## What to work on
Your answer should hold only the lines from the one containing "Бейсболка Jersey Mires" through the last line below, copied exactly; pictures stay out.

## Data section
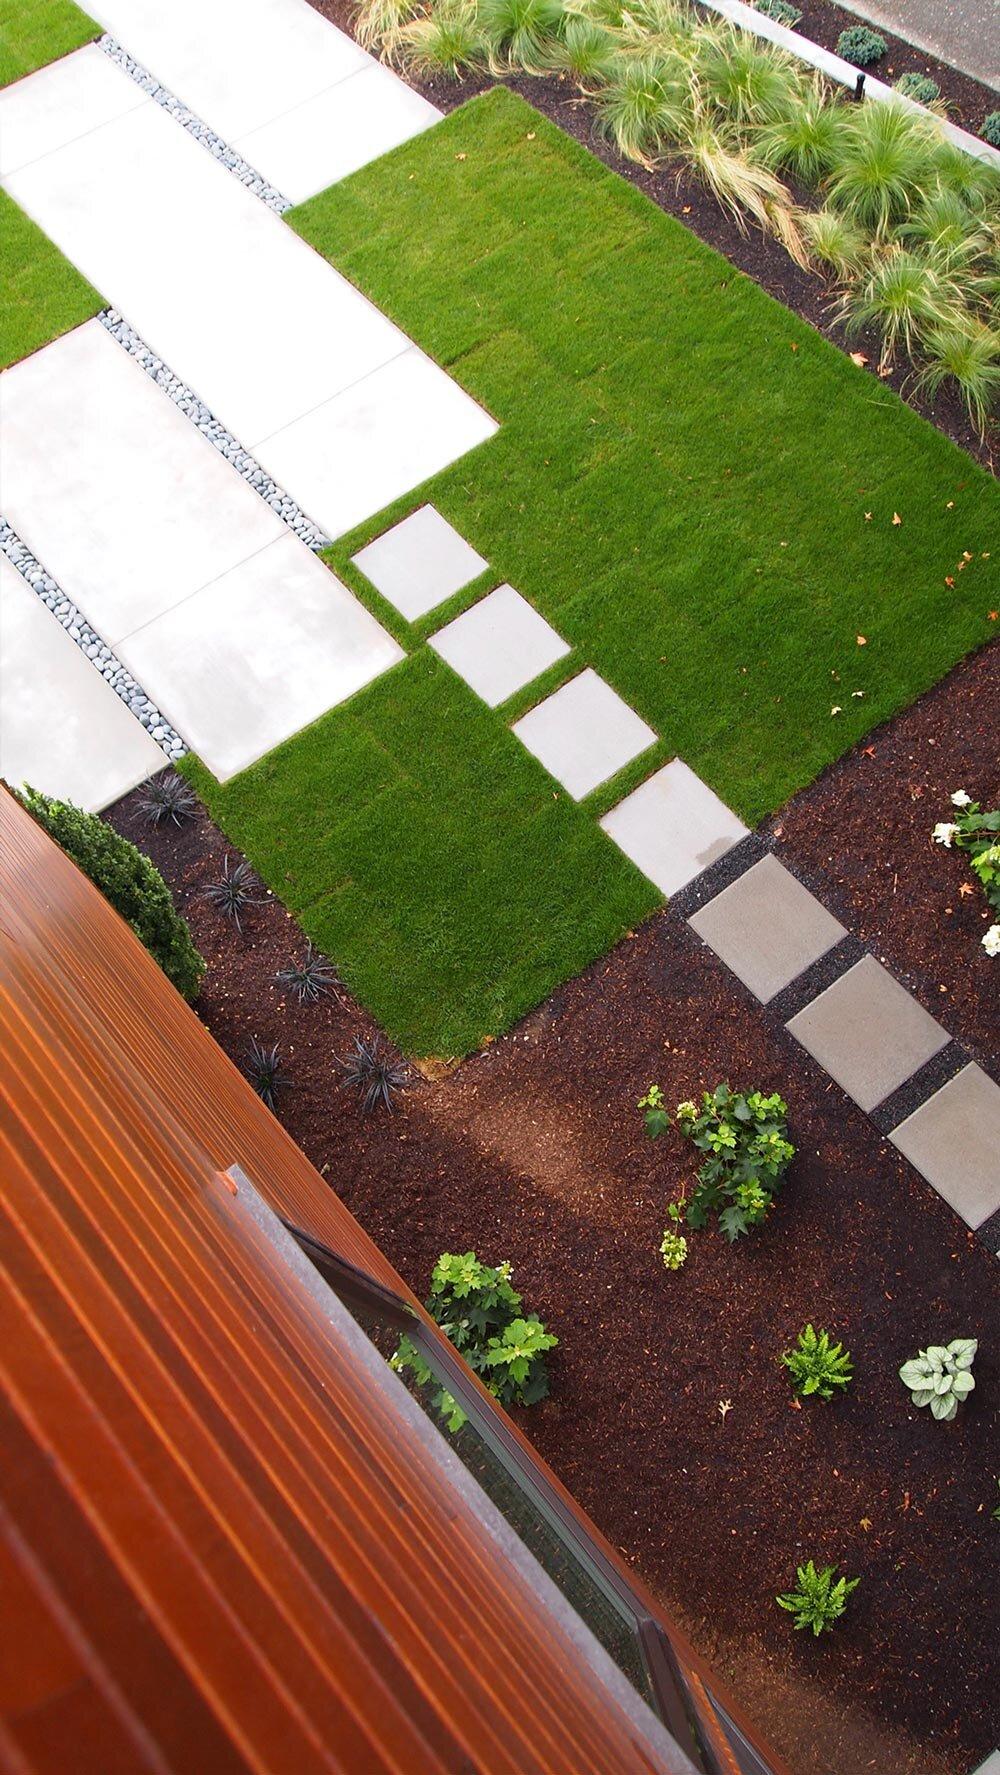 Seattle based Landscape Designer
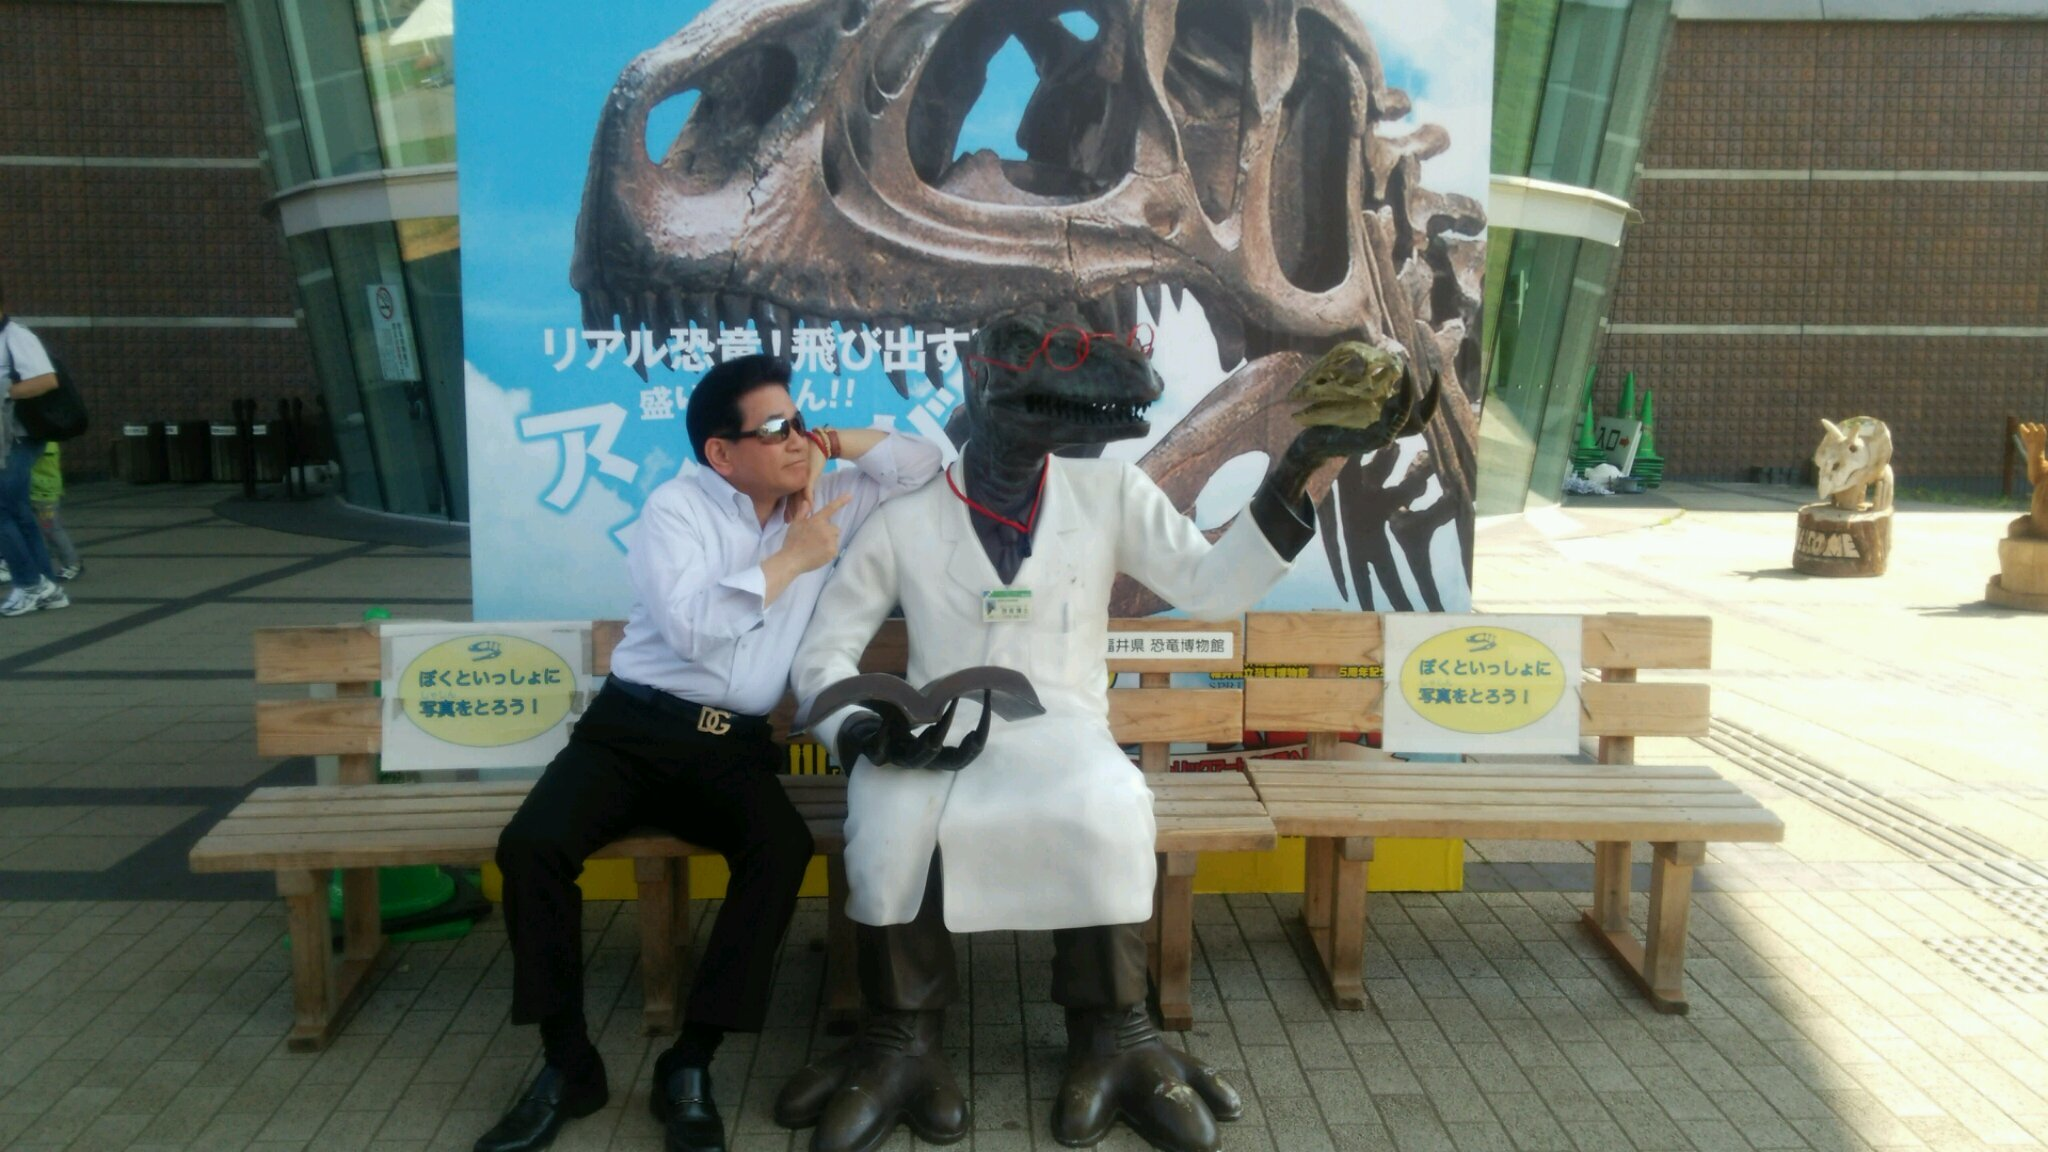 恐竜博物館へ行き、ビックリがいっぱい! 福井は最高!_e0119092_11035806.jpg
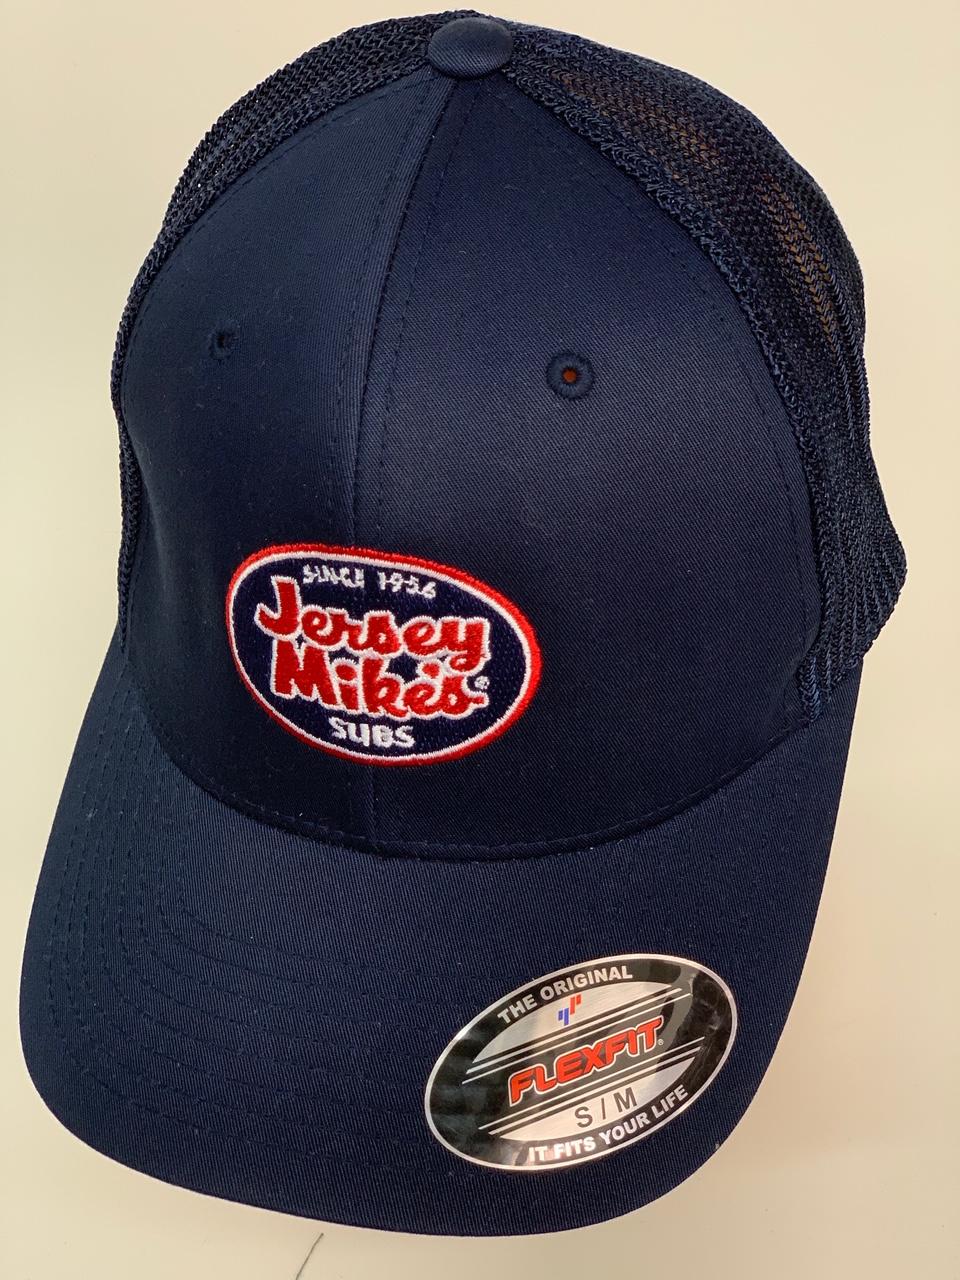 Бейсболка Jersey Mires темно-синего цвета с сеткой
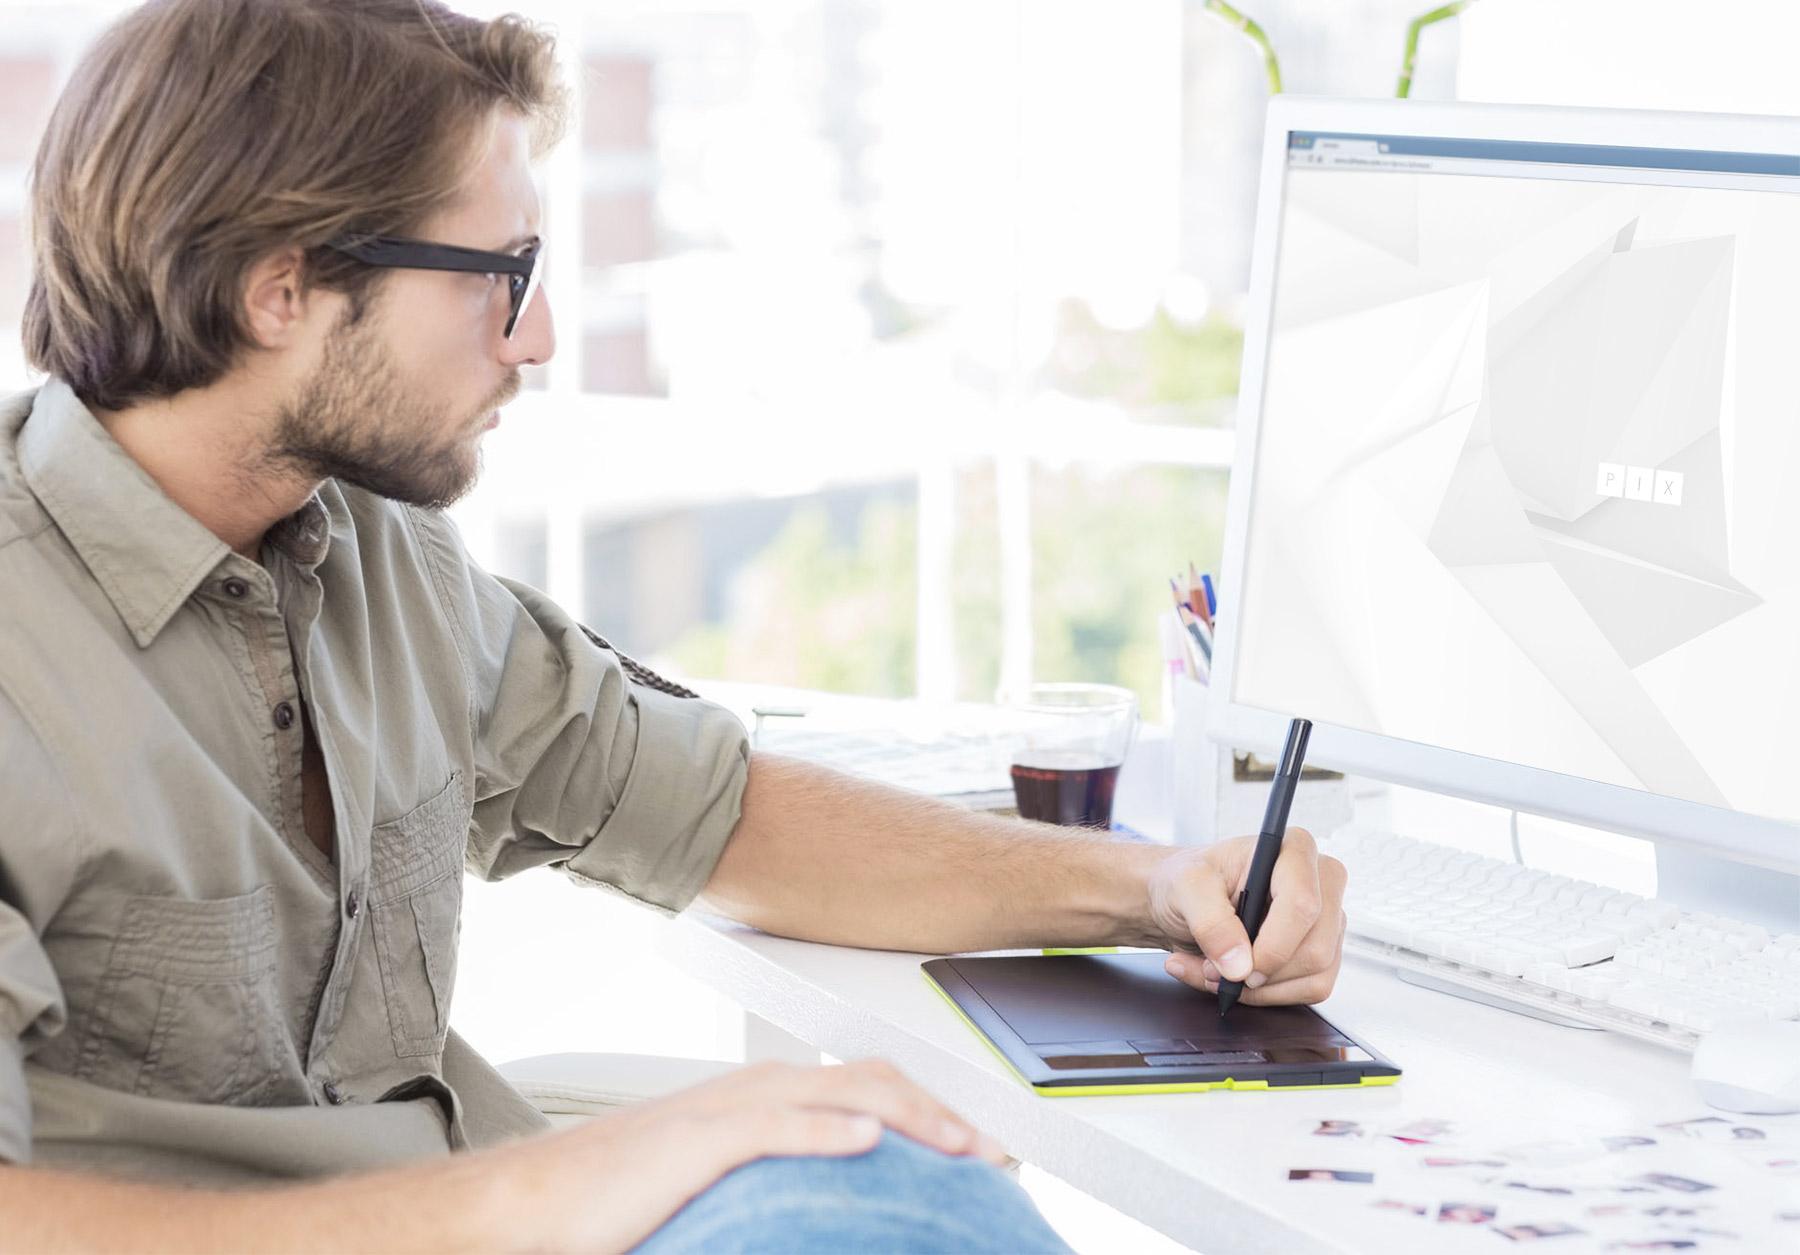 Веб-дизайн вакансии фриланс принцип удаленной работы

## Your solution
 Бейсболка Jersey Mires темно-синего цвета с сеткой
 Веб-дизайн вакансии фриланс принцип удаленной работы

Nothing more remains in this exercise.